# Turbo 35 BL Stealth problem



## mr_meat68 (Jan 30, 2005)

i'm having a problem when i'm charging or cycling packs. when i charge or cycle them it'll run for a while then it'll say hook up battery. i checked on their website and they say to check all the connections and fuses. everything is fine there. tried to do a search on here and well, you know how that goes. anybody know what the problem might be? do i have to send it in for repair?

thanks in advance.


----------



## yokman (Sep 19, 2004)

it will say that if you have the + and - hooked up backwards also.you might just try to replace all the fuses as they may look fine but they may not.there is a way to "reset"it also that you may want to try....i dont remember how to do this though.


----------



## CeO21 (Jul 7, 2002)

Recheck your connections.
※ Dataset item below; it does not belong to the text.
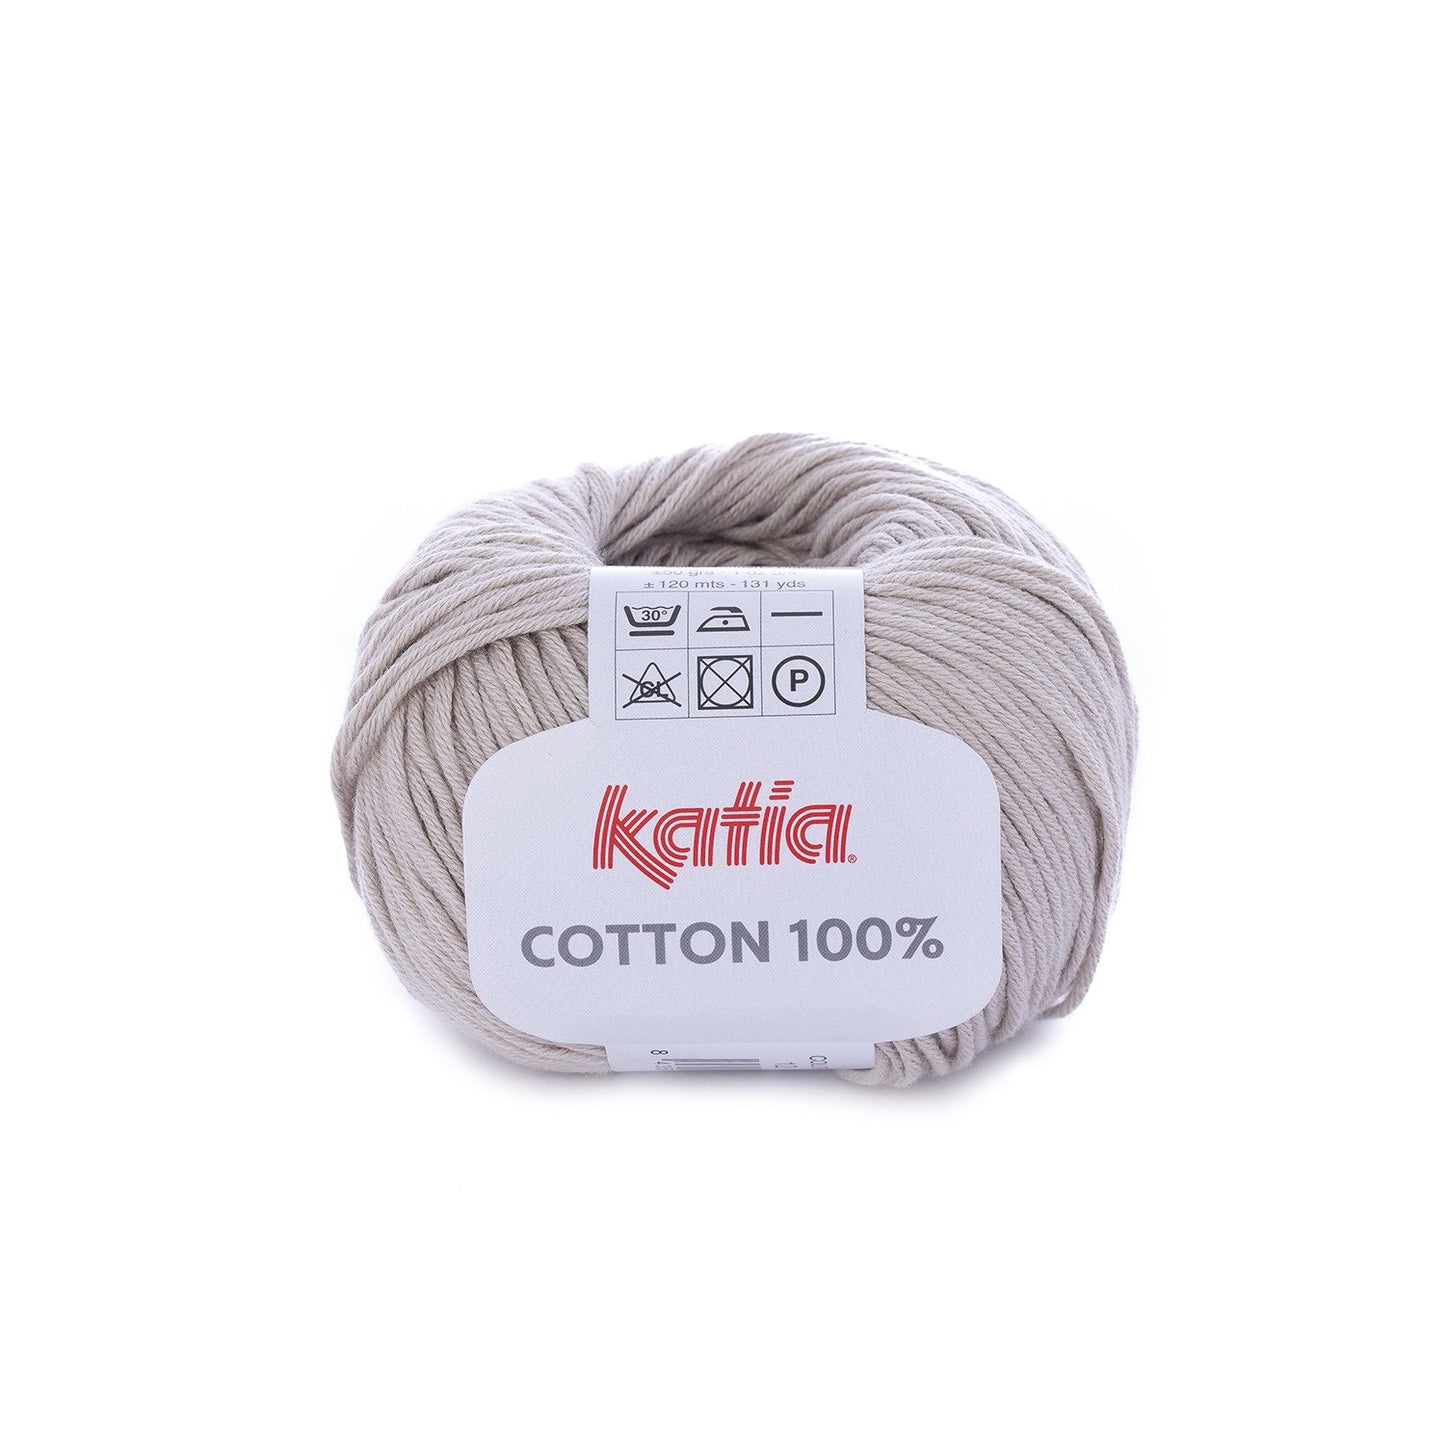 Cotton 100% - 12 beige.

Had one that melted the connecting plugs, couldn't tell it though untill I disconnected them. The were the RED/BLACK plugs. Also take the top cover off. I've also had the + pos lead come unsoldered from the board and new fuses. Otherwise send it back to CE. Their a good company to deal with. Cecil


----------



## IndyRC_Racer (Oct 11, 2004)

Can't remember off the top of my head if charging takes 1 fuse and discharging takes 2 fuses. It might be the other way around. If you haven't replaced the fuses in a while, I would start there. I've also had a bad connector/alligator clip, so you might check those as well. If that isn't it, the wires themselves may have a short. 

Taking a Turbo apart to change the wires isn't that difficult, but you may want to consider having CE do it for you. If you have an older firmware revision on your unit they can swap it out for you at that time as well. Check their website for the latest version on that model.


----------



## mr_meat68 (Jan 30, 2005)

i guess i forgot to mention it has the newest software upgrade and new alligator clips on all 6 wires. i put them on and soldered them in place so all that is good. i did'nt check the fuses with a meter so i guess i could try that first. if anyone knows how to reset these things, please let me know. thanks for the replies.


----------



## IndyRC_Racer (Oct 11, 2004)

Here is the link to the troubleshooting page at CE:

http://www.competitionelectronics.com/bl%20facts.html

Here is a link for the manuals:
http://www.competitionelectronics.com/media-files/T35%20se%20op%20inst.htm


----------



## mel (Apr 19, 1999)

Check the red and black plastic connectors on the charger leads. That was my problem. Was doing just as you said.


----------



## bojo (May 6, 2002)

you reset by holding the two arrows then turn on the charger. but ck the pos lead.


----------



## mr_meat68 (Jan 30, 2005)

all conections seem to be fine. like i said, all new alligator clips. i even opened it up and checked all the solder joints. installed new fuses. it'll charge or cycle for roughly 1500 seconds... somewhere around half charge, then it will give me that error message. i'll try to reset it later on tonight. thanks guys.


----------



## CDW35 (Jan 17, 2006)

Mr. meat, any word on how it is going for you? I have a Turbo 35bl that is doing the same thing, just wondering if something worked for you yet,
Thanks,
CDW


----------



## mr_meat68 (Jan 30, 2005)

i checked the wires, alligator clips, fuses, and solder joints... all were good.

today i reset the unit and gave it a try. i cycled (3) 4200 packs and it worked like it was supposed to.

thanks for all the help, i appreciate it.


----------



## CDW35 (Jan 17, 2006)

Thanks meat, I will give that a try
CDW


----------



## mr_meat68 (Jan 30, 2005)

you'll know when it's reset... all of your settings are GONE with the wind. remember them before ya reset it.


----------



## bojo (May 6, 2002)

glad It work for you


----------



## mr_meat68 (Jan 30, 2005)

thanks, i really did'nt feel like sending it in.


----------